In looking at my archives I think I tried to post these thoughts a few years ago, but I believe I made a mistake in editing them and they didn't post. Let me try again today, Thanksgiving Day 2019.
I am an unabashed fan of Norman Rockwell, iconic
American artist of the 1940’s-60’s. It
doesn’t matter whether you are 21 or 101, I am sure you have seen his famous Saturday Evening Post cover of a family
sitting down to enjoy their turkey dinner. Although I don’t know for sure, I
feel strongly that the artist implied that a sincere prayer of gratitude was
offered over that meal as an expression of this family’s gratitude for the
blessings of family, freedom, bounty, opportunity and prosperity.
I am afraid, though, that in many of our homes
Thanksgiving may not be celebrated any longer as a significant religious
holiday. I think many of our observances
have become celebrations of consumption rather than spiritual feast of of love, gratitude, and sharing.
It hasn’t always been so.
The first community Thanksgiving in what to become America was
celebrated by our Pilgrim forefathers at Plymouth in the fall of 1621. Theirs was a celebration of gratitude to a
Heavenly Father who had sent a bounteous harvest to that beleaguered little
colony. Almost half of Plymouth’s
original 101 settlers had died during the severe winter of 1620-21, just 11
months before. Most of the Plymouth
Pilgrims had been merchants and artisans in England, and they were woefully
unprepared to live off the land.
Fortunately, a bounteous harvest came in that fall and the native
Americans shared with them what they had and a grateful and relieved Governor
Bradford proclaimed a three-day period of fasting and then celebration.

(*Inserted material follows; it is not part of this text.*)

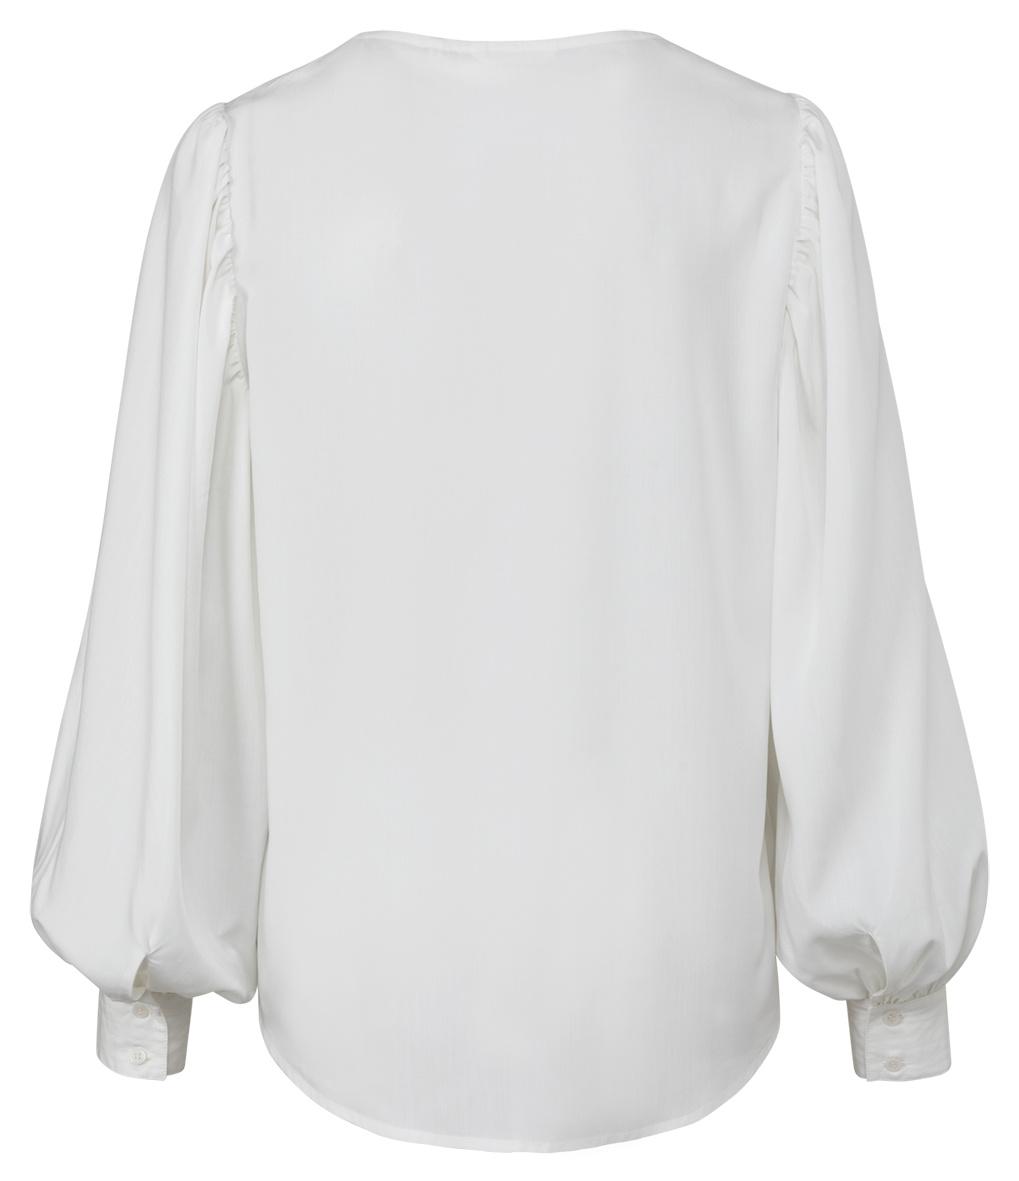 yaya Drapy top with volum 1901481-123-2

That celebration was at least partially borrowed from
the admonition found in the Biblical book of Leviticus that provides: “When
ye have gathered in the fruit of the land, ye shall keep a feast unto the Lord.

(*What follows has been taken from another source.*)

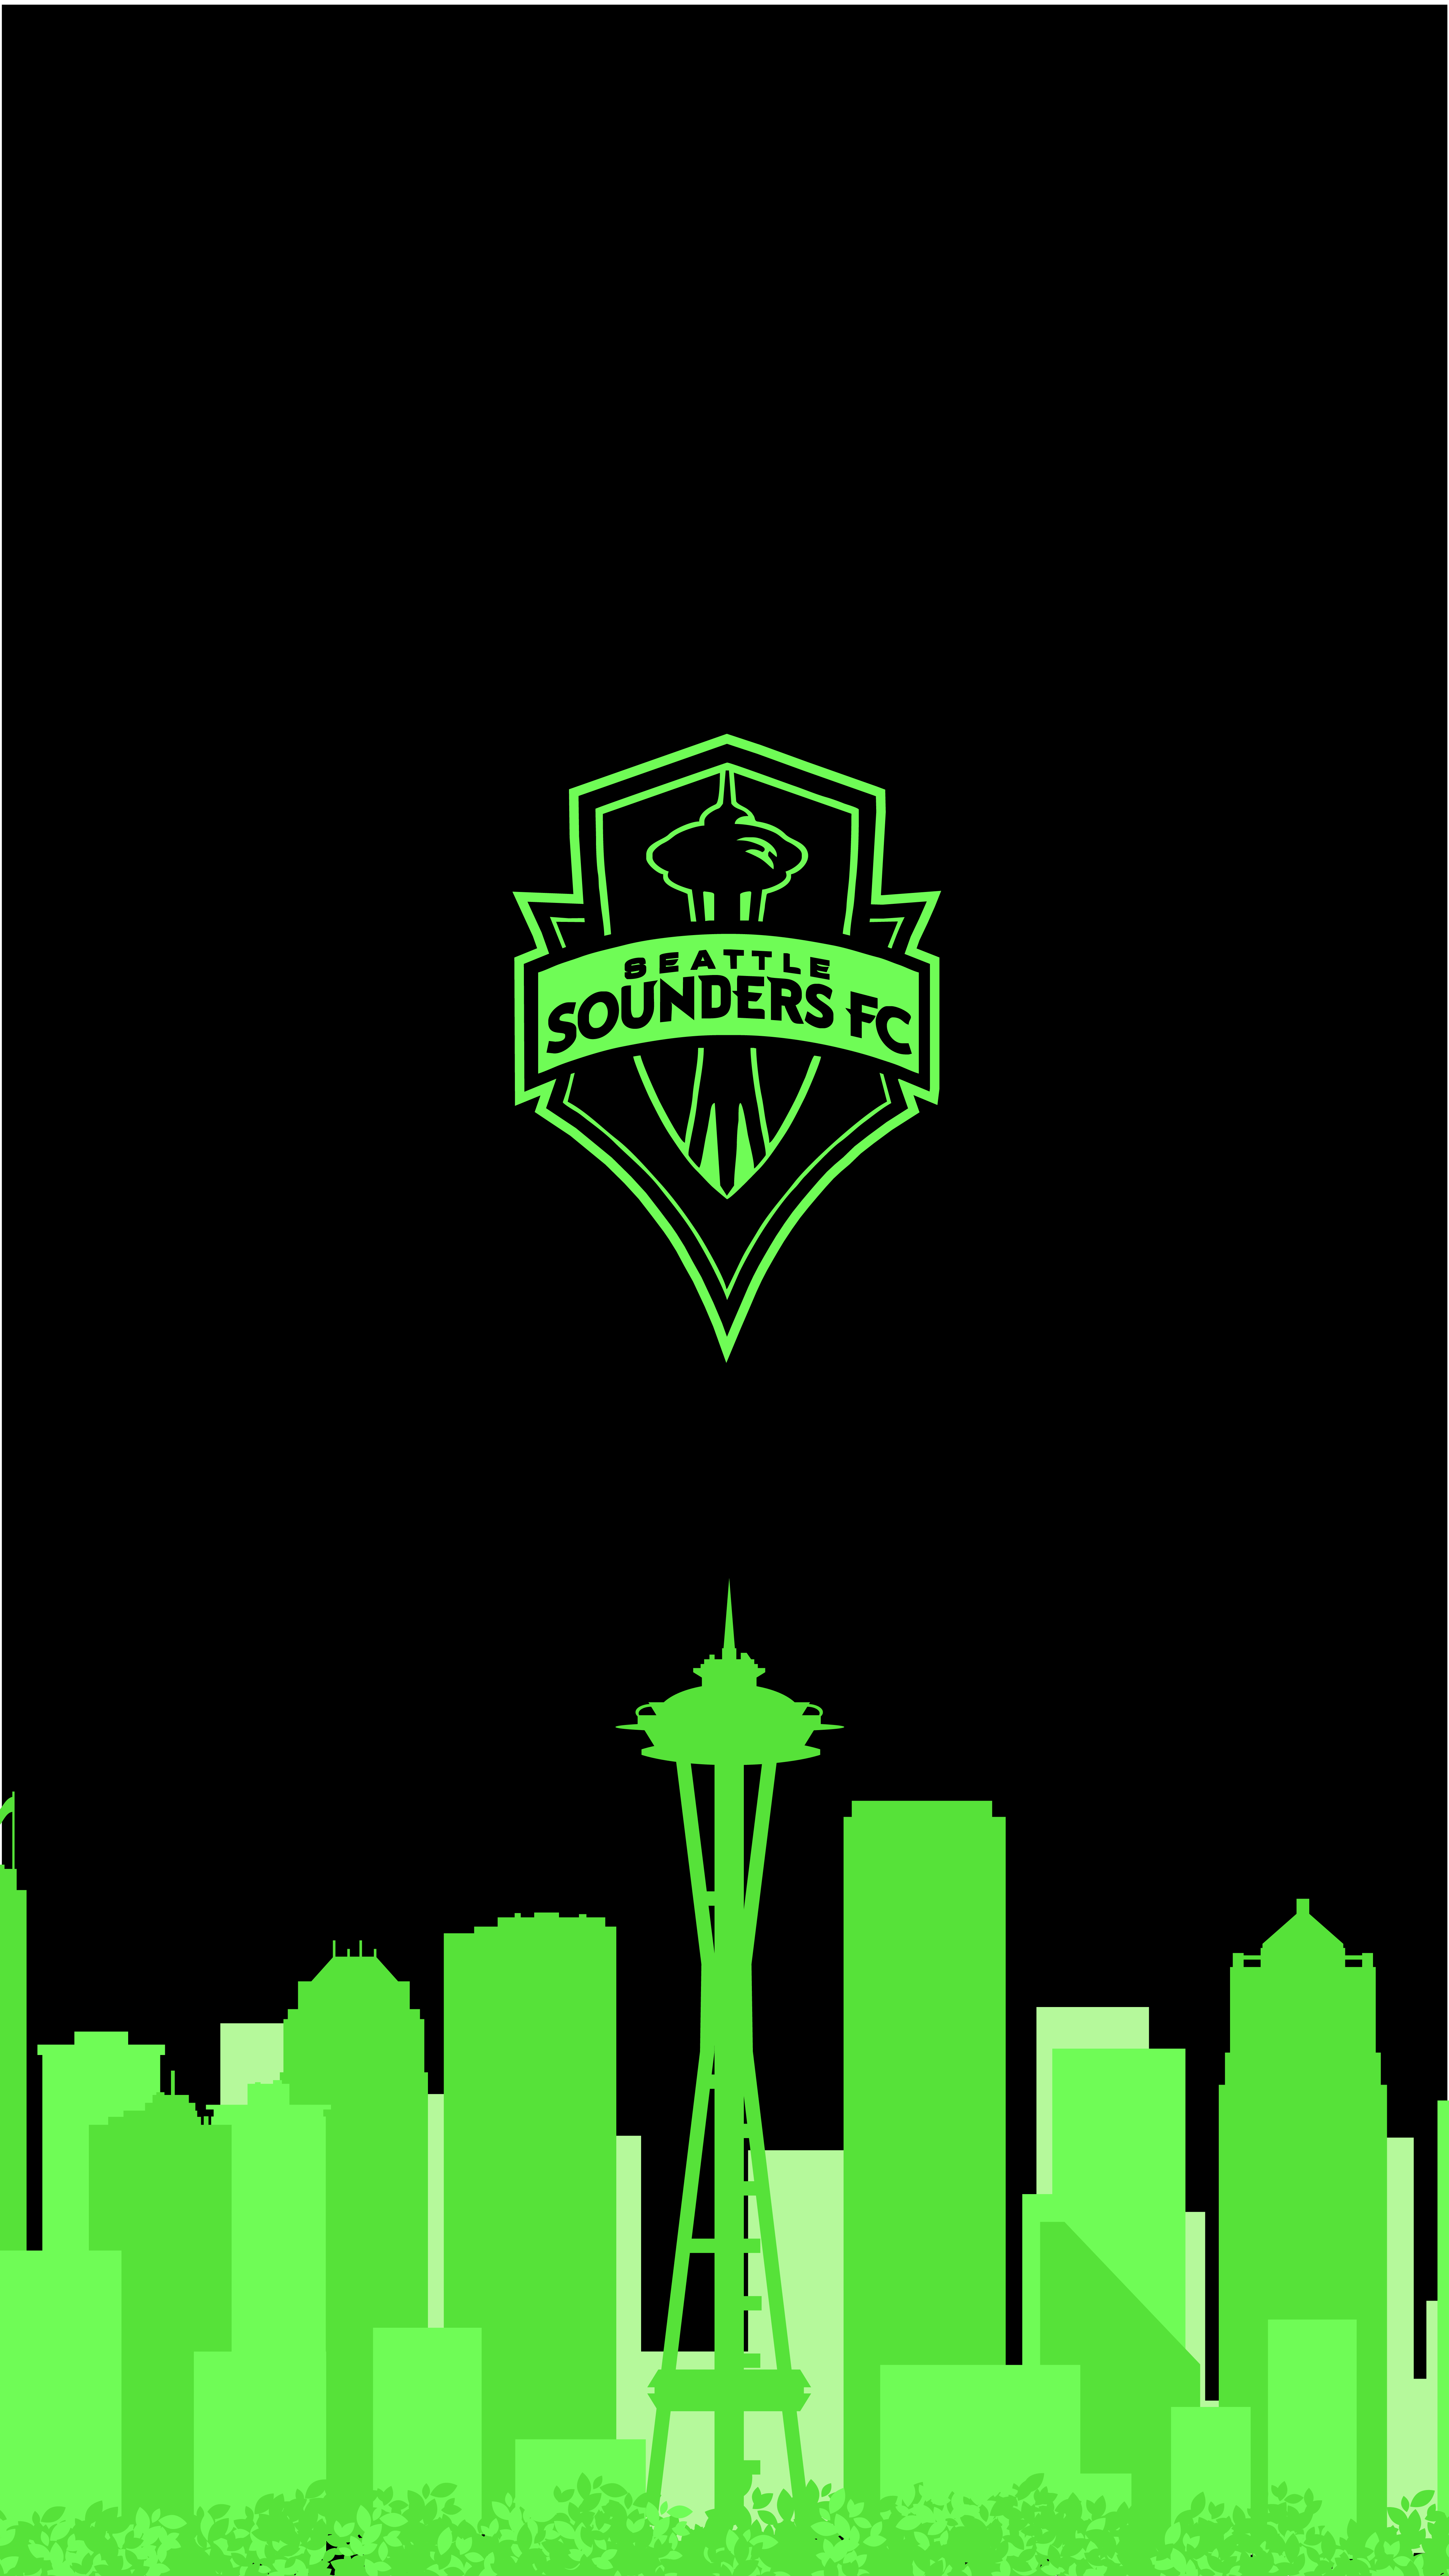 Seattle Sounders IPhone Wallpaper 85K88CK   Picseriocom 4500x8000

. . and ye shall rejoice before the Lord, your God (Lev. 23:39-40).
That first feast and many subsequent celebrations of
Thanksgiving focused upon man’s relationship with God, our Heavenly Father. Our
subsequent forefathers understood well their dependence on God. President George Washington, in his proclamation establishing
the 1789 Thanksgiving celebration, said in part,
“Whereas, it is the duty of all nations to
acknowledge the providence of almighty God, to obey his will, to be grateful
for his benefits, and humbly to implore his protection and favor. . . that we
may then all unite in rendering unto him our sincere and humble thanks for his
kind care and protection of the people of this country.”
In a book of scripture sacred to me, The
Book of Mormon clearly taught the sacred origin of Thanksgiving when he
proclaimed unto his people:
“O how
you ought to thank your heavenly King! I
say unto you, my brethren, that if you could render all the thanks and praise
which your whole soul has power to possess, that that God who has created you,
and has kept and preserved you and has caused that ye should rejoice, and has
granted that ye should live in peace one with another. . . . I say, if ye
should serve him with all your whole souls yet ye would be unprofitable
servants.” (Mosiah 2:19-21)
Regrettably, with prosperity came false and humanistic
notions. People who once rendered
thankful praise to their God soon came to praise their own industry and
intellect and forgot their God. In like
manner even Christmas and Easter have been grossly distorted.
Remember always that it wasn’t our intellect or our
acquired abilities that enabled us to be here today. May an attitude of thankfulness to God always
be with us, and not just in the time it takes to listen to a blessing on this
lovely Thanksgiving feast we remember in Norman Rockwell's painting or on our own table would be my hope for people of all nations.